We want to be done with the hard thing. It’s exhausting.
That’s why one of the best gifts we can give ourselves is patience.
You didn’t become who you are right now overnight, and you won’t become the best version of yourself overnight, either.
Becoming is a process...
That word is both past, present, and future.
It is the actions of coming from somewhere and being somewhere while also on your way to somewhere else.
It’s a journey.
Yes...there will be bumps in the road. You can’t control those, but you can control how carefully and patiently you drive over them. An unseen hazard may flatten a tire. In that moment you can either stop, or you can put in the effort to persevere and repair the tire and keep going. You might run out of gas if you go too long without refueling, so you must be careful to rest and keep your tank full.

Lastly...you need good passengers with you. You need those who will propel you towards “Righteous Road” (like the Message says in Proverbs 8), who give you wise direction and Godly counsel to take your best next step. The can’t drive for you, but they can encourage you to keep going. Choose those passengers wisely.

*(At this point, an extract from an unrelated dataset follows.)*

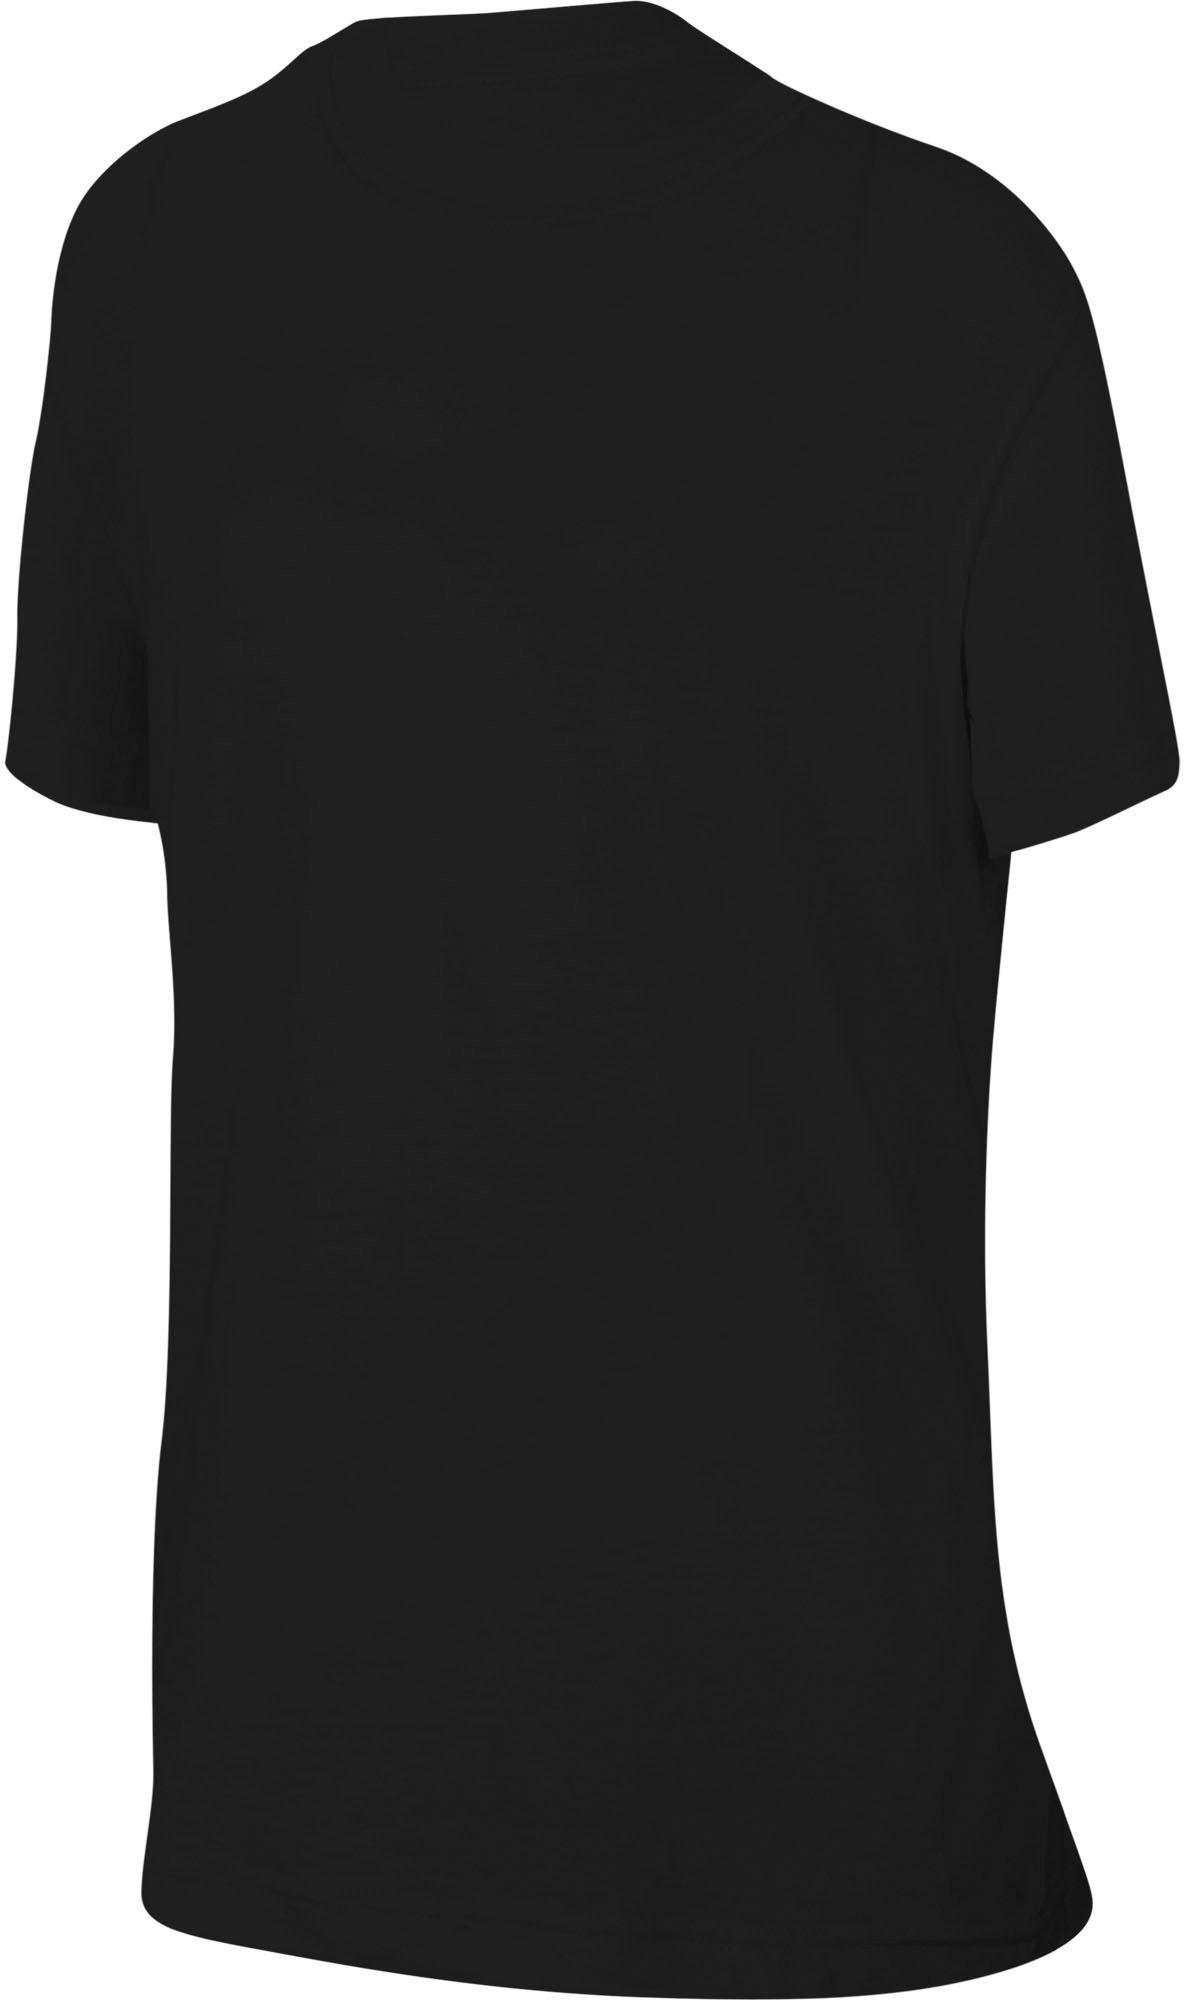 (Girls) Nike Sportswear T-Shirt Big T-Shirt schwarz Kids'
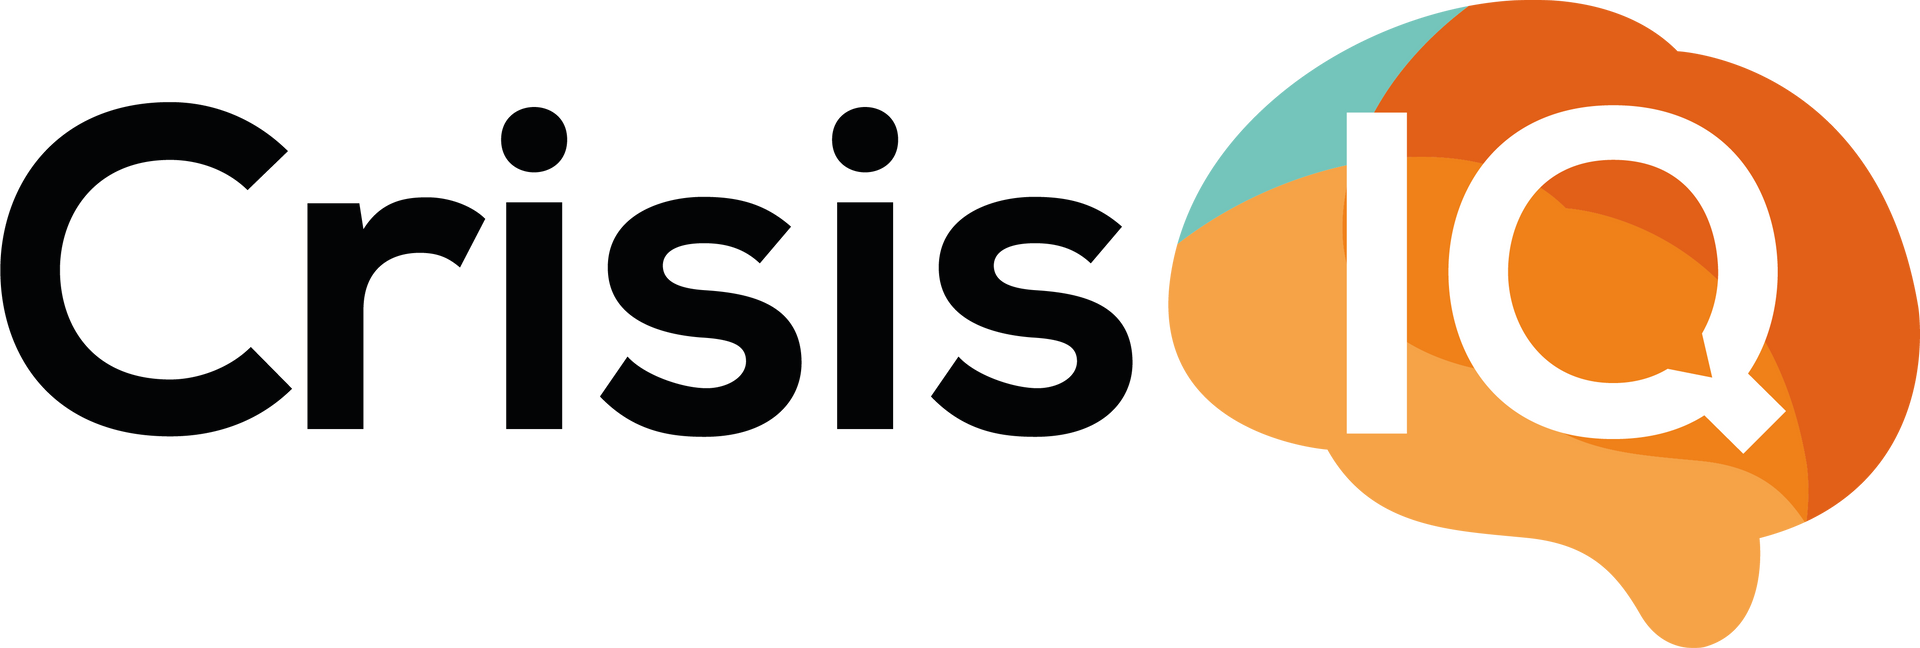 Crisis IQ logo

The important thing in “becoming” is to keep coming forward.
Keep persevering.
Be patient in the hard-to-maneuver places.
Pick good passengers.
And keep pressing forward.

Friday, May 10, 2019

Is it Time for You to Level Up?



"If I can just get this one thing done, or if I can just get passed this one difficult area, or if I can just achieve this area of success, everything will just level out and be easier and life will be smooth sailing…"
Have you ever thought that? I have. A lot.
Unfortunately, that’s not how it works. The truth is, everything we do today is preparing us for a harder tomorrow.
I mean, it starts the moment we are born! We spend the first year learning how to do more, be more independent and become more mobile. We enter the world learning and yearning to reach the next level: infancy to childhood, childhood to adolescence, adolescence to adulthood, and on and on.
Can you imagine if a three year old decided they had reached their potential because they could feed themselves and go potty on their own and walk and talk? And so they decided they were done doing more or learning any new harder things.
It’s ridiculous and sad to even think about that!
But that’s really how grown-up people think a lot! When we adopt that type of thinking we are really saying that we want to stop growing, that we want to level out. And that’s not God’s goal. God is constantly pushing us to grow, and to change.

God isn’t yearning for us to level out...he’s yearning for us to level up, and get closer to Him.

He wants us to learn those better things because it’s better for us!
I have witnessed this in my own life is some big ways in recent years. Those ways were never easy. I have referred to them sometimes as growth spurts, or growing pains. It’s like that same three year old toddler cutting new teeth... Anyone who has ever had a teething baby knows that the process is not a happy one. It’s uncomfortable for them and painful at times and they get whiny and don’t sleep good and they slobber SO MUCH.
It’s messy and painful.
But the end result is a toddler who can now consume bigger and harder foods. They leveled up from soft mushy food and baby milk to the more mature stuff that their growing body needed in order to thrive.
Friend, that’s what God is always working in our lives. He desires for us to grow up, level up, in our faith and become more and more like Him. The Bible says in 1 Corinthians 13:11, “When I was a child, I spoke as a child, I understood as a child, I thought as a child: but when I became a man, I put away childish things.”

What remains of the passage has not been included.